No, Virginia, el dinero no siempre crece en los árboles
¿Sobre quien recayó en definitiva esta
enorme depreciación? Hombres de medios escasos –Andrew Dickson White (1896)
Utilizando el colapso monetario francés de
1796 como una lección para enseñar algo más grande (advertir contra la moneda
fiduciaria) el libro apoya descaradamente un patrón oro. En el momento de su
publicación en 1896, esta postura no solo era respetada: era la corriente
principal (los defensores del papel moneda eran los chalados). Ahora el zapato
esta firmemente en el otro pie: la gente educada no habla de un patrón oro. Tal
vez deberían empezar.
El propósito de un patrón oro (lo que lo
hace tan indispensable para un sistema de justicia económica) es que quita el
poder de crear dinero y crédito a voluntad de las manos de los políticos (de
hecho de las manos de todos). Ningún hombre, no importa lo virtuoso y
santo que sea, puede resistir mucho tiempo la llamada de la máquina del dinero
y el mundo político, en el que las virtudes y los santos tienen poca oferta, es
un lugar particularmente peligroso para que resida allí.
La eliminación del patrón oro de nuestras
vidas, apuntaba recientemente Robert Samuelson, ha “creado una situación
completamente nueva (…) la inflación ya no se controlará a sí misma”. Con la
abolición de Nixon del enlace remanente del dólar de EEUU al oro en 1971, todos
hemos tomado una máquina del tiempo de vuelta a la Francia de la década de 1790
y hasta ahora ha sido una aventura lejos de ser excelente.
Hemos sustituido a la mano constante y
desinteresada del oro por los caprichos arbitrarios y rapaces del político; aún
así nos preguntamos por qué los precios no hacen más que subir, año tras año,
hasta que la abuela tiene que comer comida para gatos.
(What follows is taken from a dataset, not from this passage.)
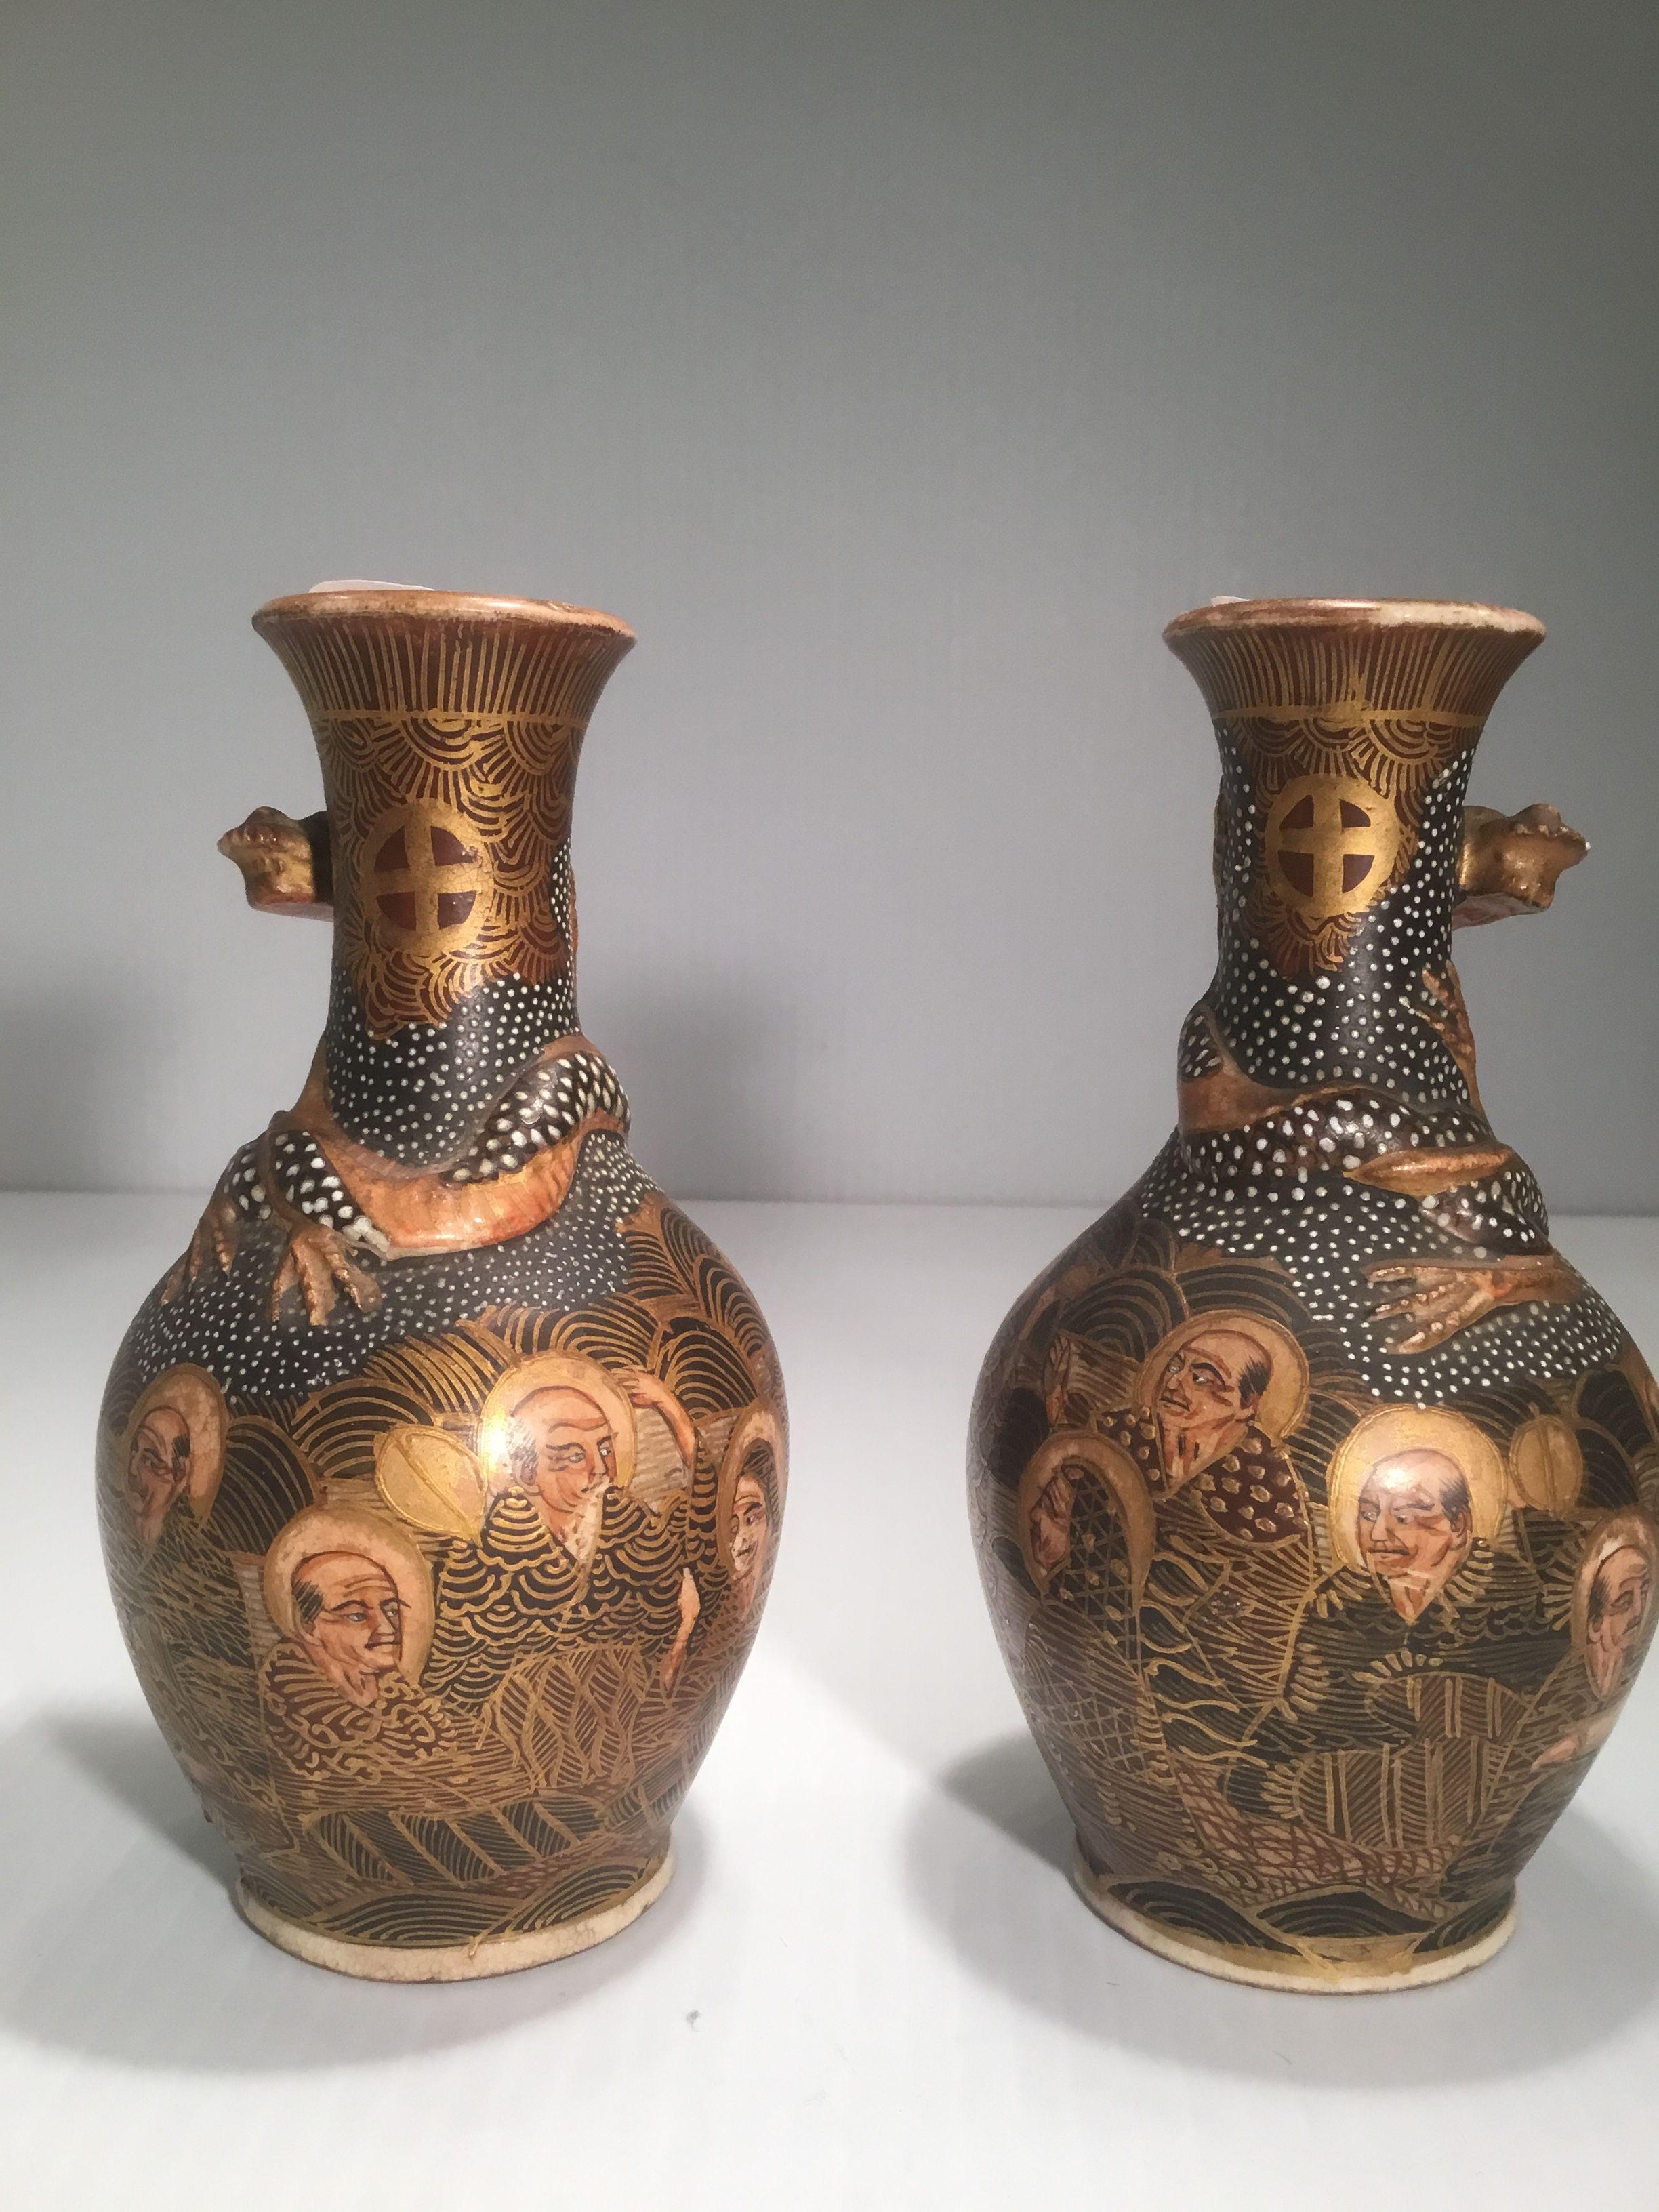 satsuma vase ebay of hododa satsuma vases pinterest ware f c in hododa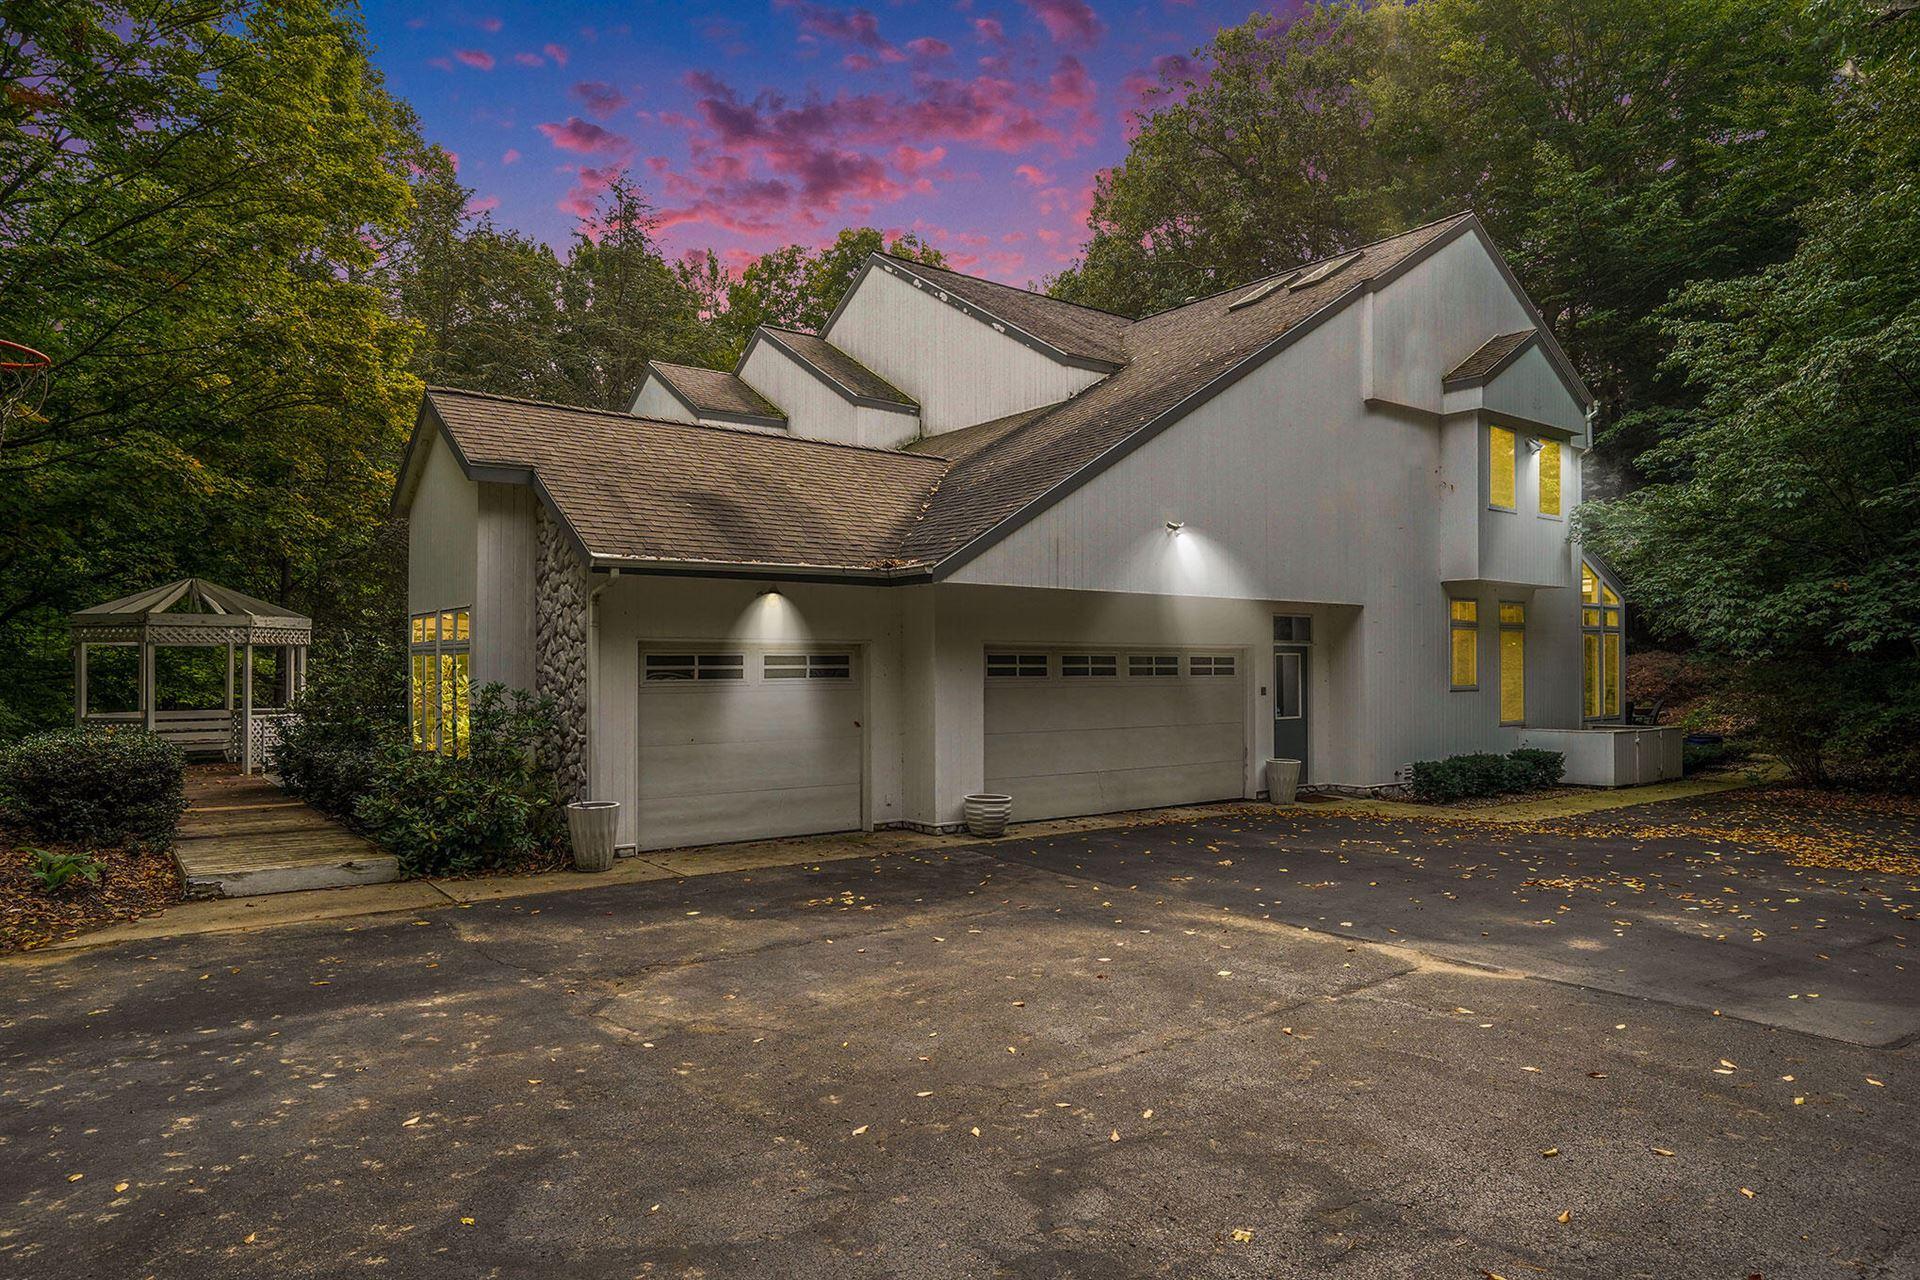 Photo of 13295 Redbird Lane, Grand Haven, MI 49417 (MLS # 21110731)

Siempre y en todas partes
en que se ha introducido papel moneda, desde la Francia de 1790 a los Estados
Unidos de 2008, se ha producido una divisa devaluada constantemente y una
economía devaluada constantemente, ya que “hay una ley natural de aumento
rápido de las emisiones y la depreciación” (p. 21).
A inflación como política deliberada no es
apropiada más que para los drogadictos: es un método de placer artificial a
corto plazo con un coste cierto a largo plazo. Pero el “largo plazo” es una
expresión equívoca y tranquilizadora para calmar los nervios. El “largo plazo”
siempre se transforma inevitablemente en “ahora mismo” y para el tonto resulta
ser un bastardo vicioso. Un vistazo al crecimiento de la oferta monetaria de
Estados Unidos desde 1971 (y desde la creación de la Reserva Federal en 1913,
por cierto) nos revela que los tontos han sido muchos.
Los franceses de finales de la década de
1790, como mucha gente en muchos momentos, creía en “la doctrina de que toda la
divisa (…) deriva su eficacia del sello que muestra” (p. 22) y por tanto
podemos imprimar tanto dinero como queramos. El Dr. White identifica a la falsa
doctrina como la causa raíz del desastre.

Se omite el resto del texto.